In the phenomenology of Alfvénic turbulence, the ratio between the linear Alfvén timescale and the nonlinear decay timescale regulates the balance of the energy flux across scales, thus determining the strength of turbulence. The linear Alfvén timescale, defined as ${\tau }_A\simeq {\ell }_{\Vert }/{\upsilon }_A$, represents the typical propagation time of an Alfvén wave along a structure of size ${\ell }_{\Vert }$, ${\upsilon }_A$ being the Alfvén speed. The nonlinear decay time ${\tau }_{nl}\simeq {\ell }_{\perp }/\delta u\left({\ell }_{\perp }\right)$ represents the perpendicular eddy turnover time, where $\delta u\left({\ell }_{\perp }\right)$ is the fluctuation velocity across a structure of size ${\ell }_{\perp }$. When ratio of these two quantities $\chi ={\tau }_A/{\tau }_{nl}\simeq {\ell }_{\Vert }\delta u/{\ell }_{\perp }{\upsilon }_A\ll 1$, oppositely propagating Alfvén wave packets may interact multiple times before their energy is transferred to smaller scales [7,8]. On the contrary, for $\chi \gg 1$ Alfvénic fluctuations undergo multiple decays before they interact. Both conditions naturally evolve towards comparable nonlinear and Alfvén timescales ($\chi \simeq 1$), so that the nonlinear cascade occurs within one single interaction [3,9] (the reader is referred to Refs. [4,10] for more details on the MHD turbulence theory and on the evolution of the nonlinearity parameter $\chi$).

In this case, it is possible to show that the scaling relation between perpendicular and parallel wave vectors is $k_{\Vert }\propto k_{\perp }^{2/3}$. Under this particular condition, usually called “critically balanced” state [4], wavevector anisotropy $k_{\perp }\gg k_{\Vert }$ would appear at small scales, as resulting from the anisotropy of the spectral index: $E\left(k_{\perp }\right)\propto k_{\perp }^{-5/3}$ and $E\left(k_{\Vert }\right)\propto k_{\Vert }^{-2}$. Therefore, the critical balance condition can be tested by measuring the spectral index at various angles from SW measurements, a complicated issue using typical single-spacecraft SW measurements. Wavelet analysis has been often used to study the local mean magnetic field and to collect information on fluctuations at a particular local angle ${\theta }_{VB}$ between the local mean magnetic field and the flow direction. The resulting spectral slope was close to $-5/3$ when ${\theta }_{VB}\sim {90}^{\circ }$ and $-2$ when the angle is ${\theta }_{VB}\sim 0^{\circ }$, providing an evidence for the critical balance theory [11,12,13,14]. Multi-point measurement techniques provided similar results [6,15]. The observed spectral anisotropy is also compatible with the presence of discontinuities in the SW, as for example current sheets [2,16]. Removal of intermittent events from data was accompanied by flatter parallel spectra [17].

However, both local mean-field calculation and removal of intermittent events might result in systematic errors in the reconstruction of the parallel spectrum.
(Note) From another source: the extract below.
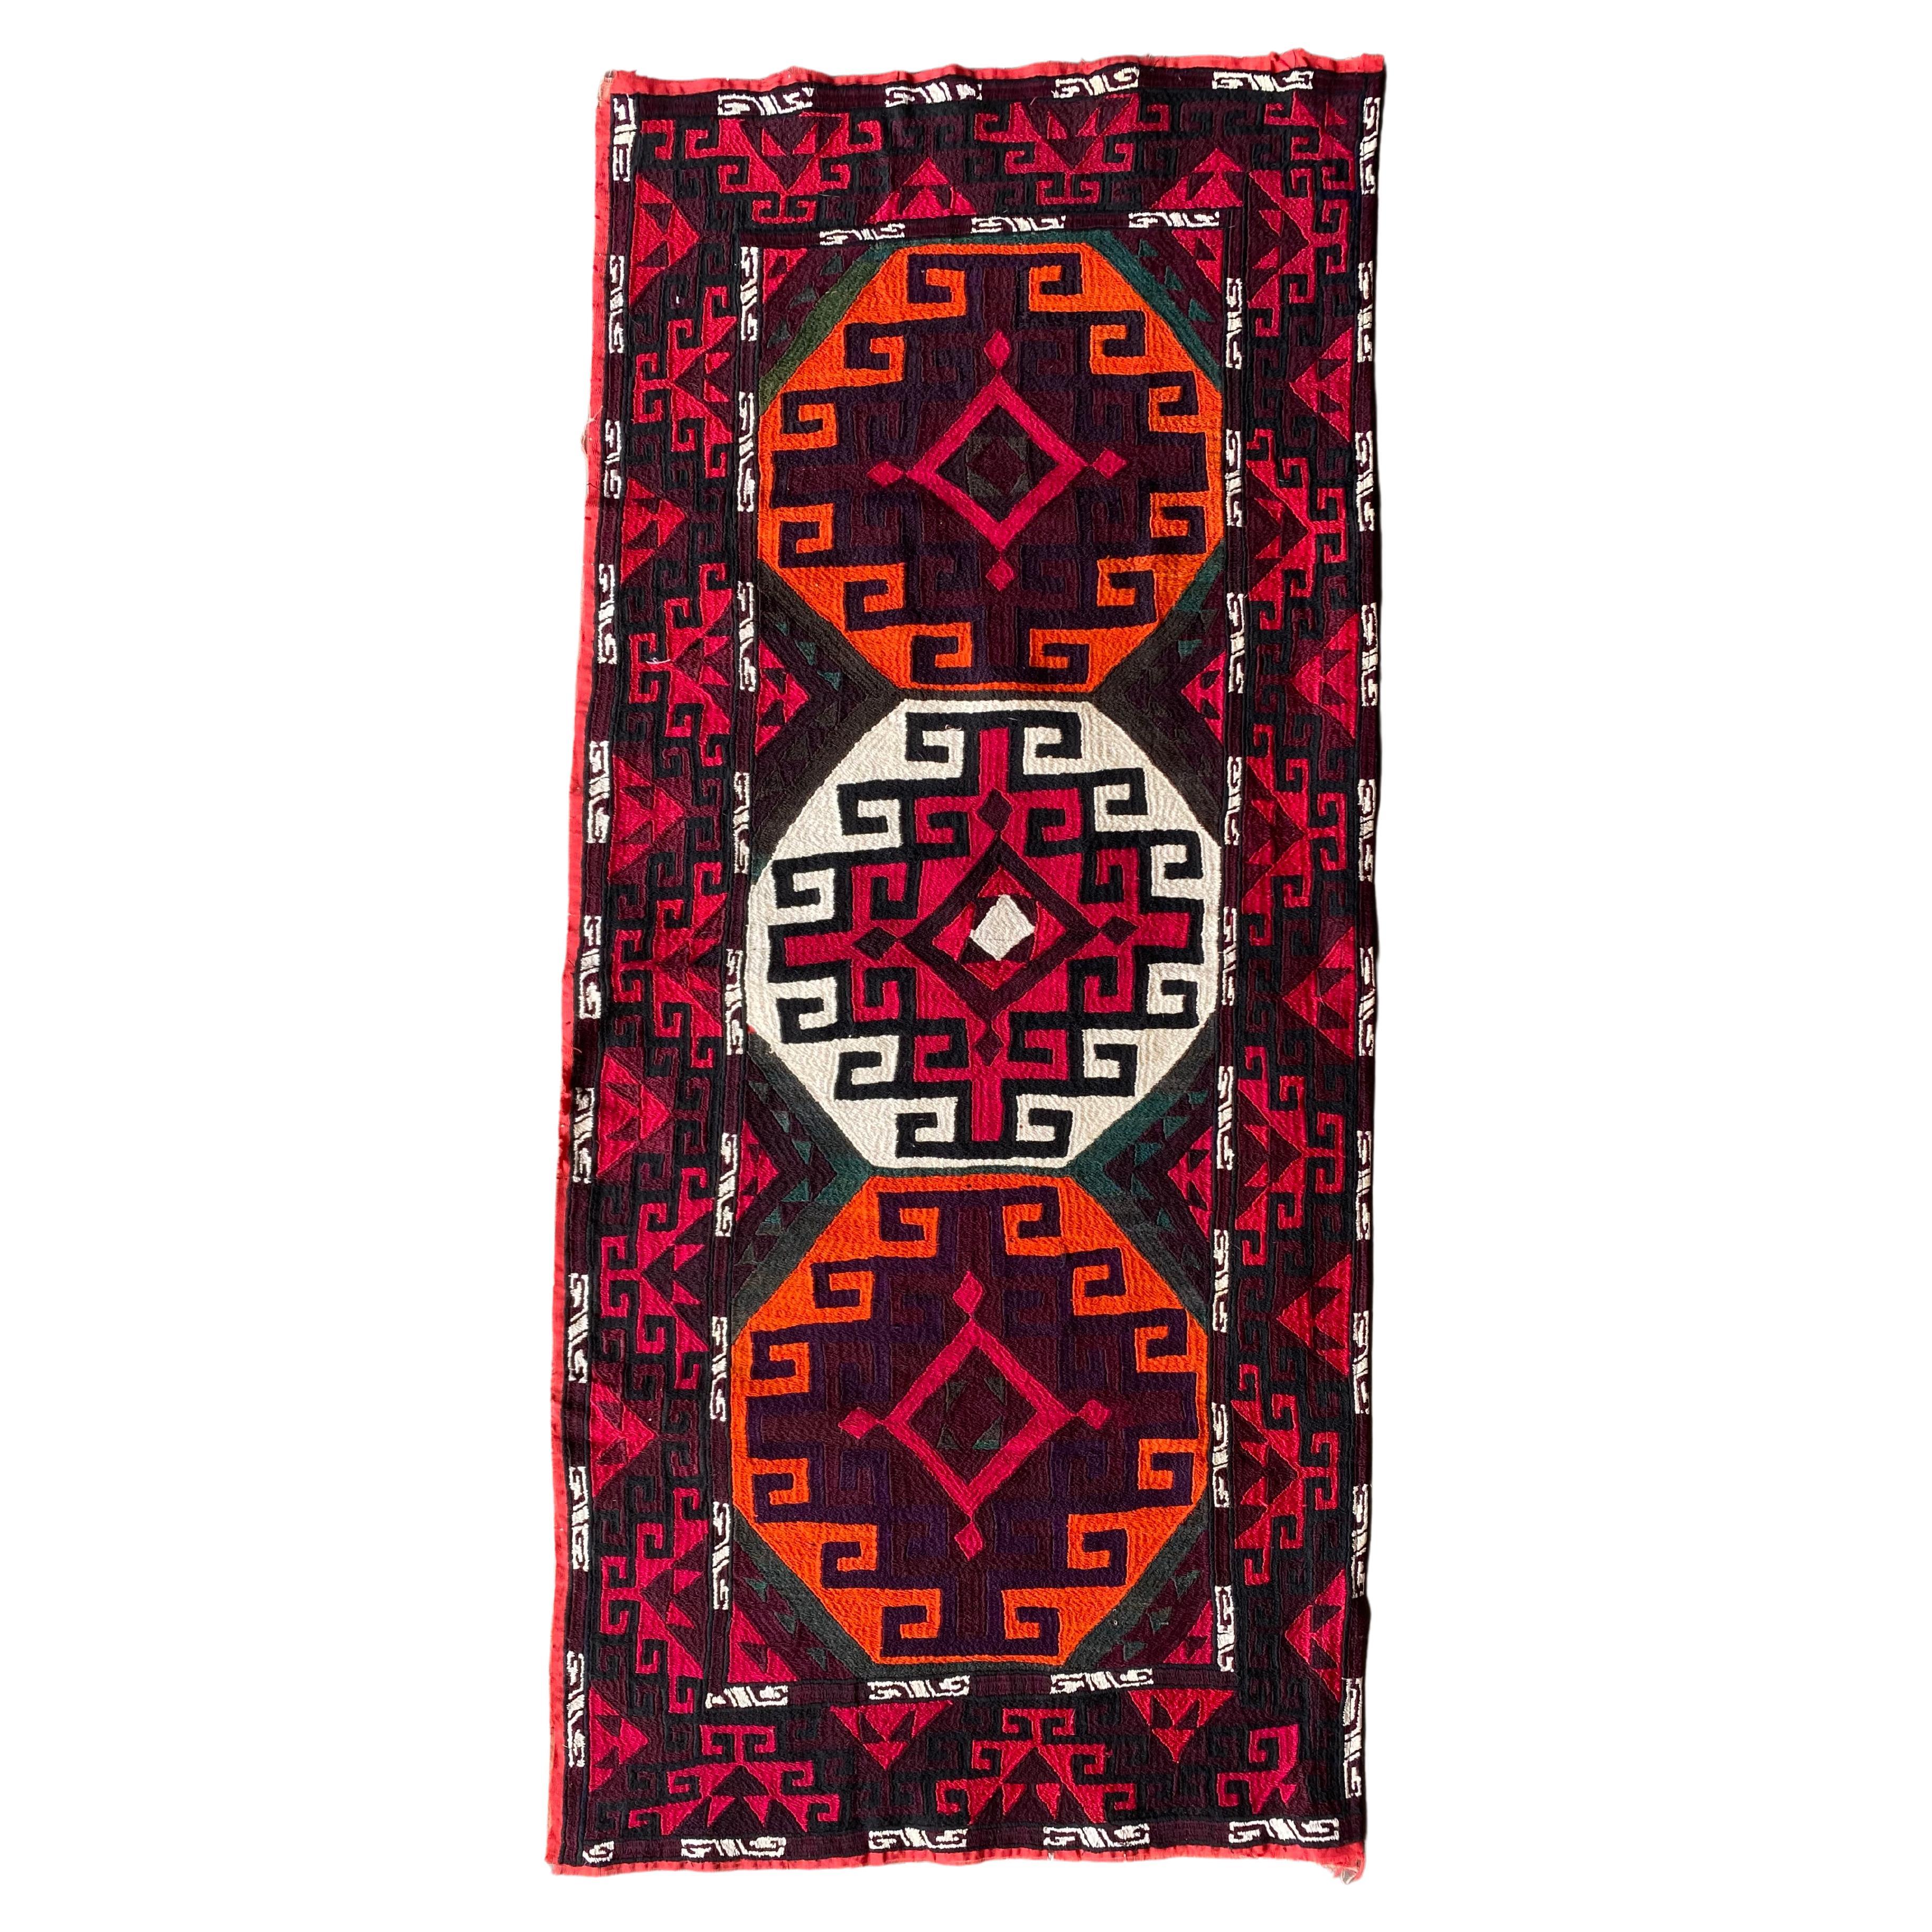 Central Asian Embroidered Textile, “Suzani”, Mid 20th Century

The observation of local alignment between magnetic field and wind direction is indeed prevented by pervasive large-amplitude Alfvénic fluctuations. Thus, very long time series are required to build the parallel spectrum [13] using randomly distributed data points, possibly uncorrelated, and artificially introducing the discontinuities that might generate the spectral anisotropy.

In order to study the SW turbulence in a direction parallel to the mean background magnetic field, a novel approach was recently proposed. A search of continuous Alfvénic, fast SW intervals was performed, producing a database mostly populated by $k_{\Vert }$ fluctuations. This allows to avoid the possible introduction of discontinuities and inhomogeneities. The selected intervals were studied using the Hilbert spectral analysis, so to remove the possible influence of small-scale noise and large-scale structures from spectral and intermittency properties in the inertial range. Preliminary results showed that spectral anisotropy is incompatible with the critical balance scenario. This work represents a follow-up of the results presented in [18]. Here, an in-depth statistical study based on the Hilbert spectral analysis and a different resampling method have been conducted on a subset of the intervals presented in the previous work, showing the robustness of the observations. In particular, despite of the power anisotropy, present in all samples, the distribution of the spectral exponents obtained from the resampling (and their relative scaling exponents) is characterized by a mean value fully compatible with the classical Kolmogorov spectrum (within the $95\%$ of prediction interval), revealing the presence of short-range correlations.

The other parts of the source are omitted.